Witnessing biopsies and surgeries, inspecting glass slides in pathology labs, performing vitals on patients, and observing preserved human organs is unorthodox for a high school student. However, I was able to get a hands on experience at hospitals through my school, . Throughout my high school years, I have interned at a variety of hospital departments ranging from Ear Nose Throat (ENT), to wound centers, to nursing floors and even family medicine. However, out of all the departments I experienced, the one that struck my interest and stood out to me the most was Pathology. Every time I walked into the lab, I felt proud to wear my trademark brown scrubs and excited to further enlighten myself about the medical world. Although biopsies are a big part of the lab, I did more than simply watch them being performed. I also partook in the process in order to get a better understanding of what went wrong in the patient. One rainy Wednesday morning as the pathologist was showing me cancer cells encased in glass slides, a hospital worker rushed in carrying a freshly removed gallbladder to be biopsied. The pathologists immediately threw on gloves and began making the first incision on the inflamed gallbladder. Instantly gallstones, which indicate an unhealthy lifestyle, poured out. I prodded around at the small spherical stones to get a closer look. As he made further intricate incisions, I saw so much passion in his eyes; passion that can only come from genuinely loving what you do. I knew then that the pathologist and I had something in common, our devotion to knowledge and helping others. For me, the hospital serves as an outlet for gaining knowledge and expertise through the process of helping others. These experiences have taught me that the medical field is truly the most rewarding and noble area of study out there, a perfect fit for me.
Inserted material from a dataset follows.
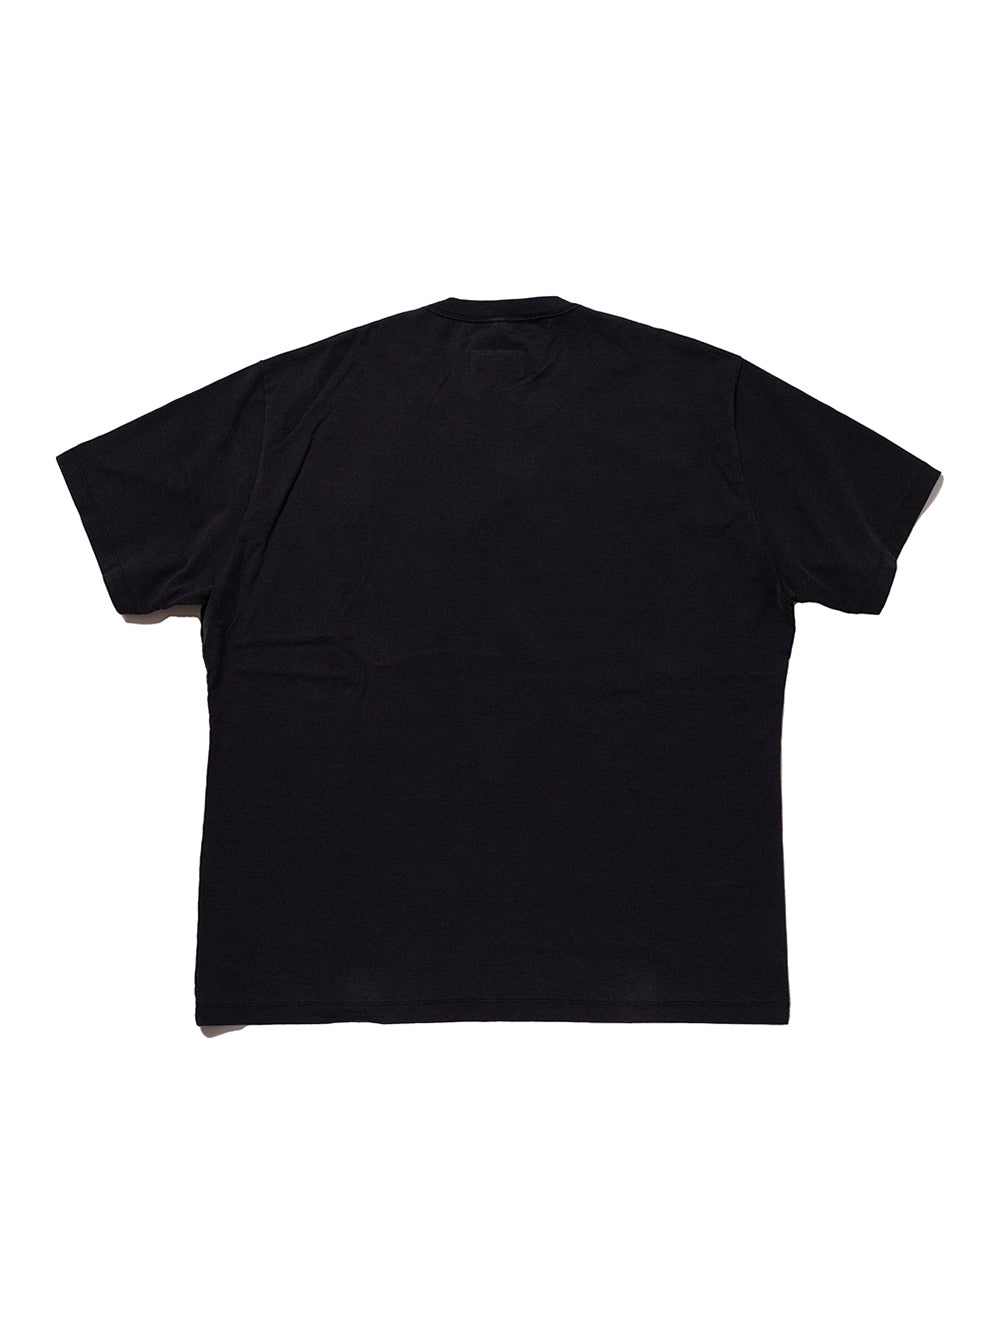 Android Print T-Shirt (Black)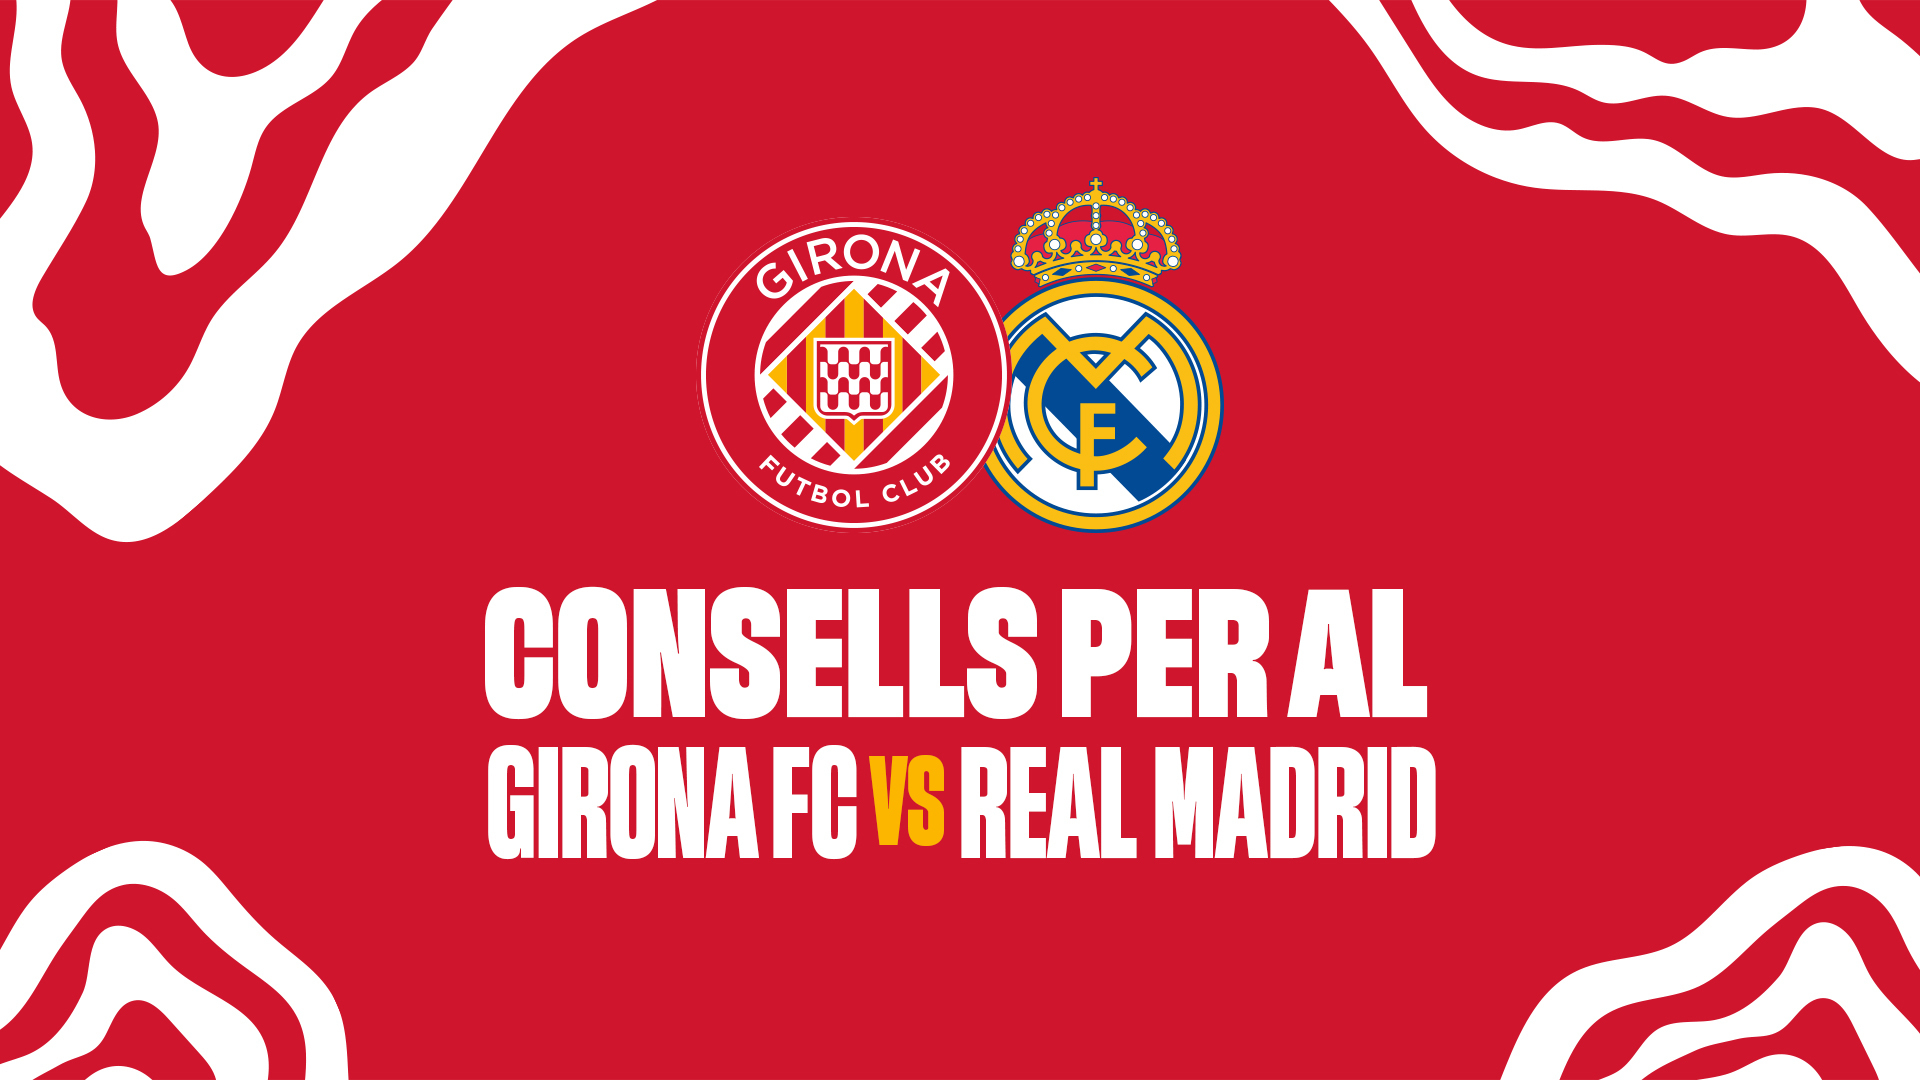 Consells per al Girona vs Real Madrid

I like the subject matter but see about having it reviewed by a tutor or aid or English teacher at your school. There are some minor changes in the use of certain words that I would do differently, but that’s just cause I write differently than you, you did a good job. Perhaps divide it up into 2 or 3 paragraphs, create transitional sentences at the end and start of new paragraphs. I was taught not to begin a sentence with the word “however” and then the “out of all the departments I experienced…” I suggest wording this differently… Like … Of the many enriching experiences I have enjoyed as an intern at the (blood and guts trauma center and hospital) one of my favorite places to spend time has been the department of pathology. Some sentences can be combined as well. It is good, better than plenty of students but to make it as good as it can be work with someone like a teacher to review this, edit your statement, ask to review it. Again my writing style may not fit you, I’m just trying to give you something.

I agree that the writing style is hard to follow. Maybe it’s just me.

The flow feels choppy. You should get help from your English teachers.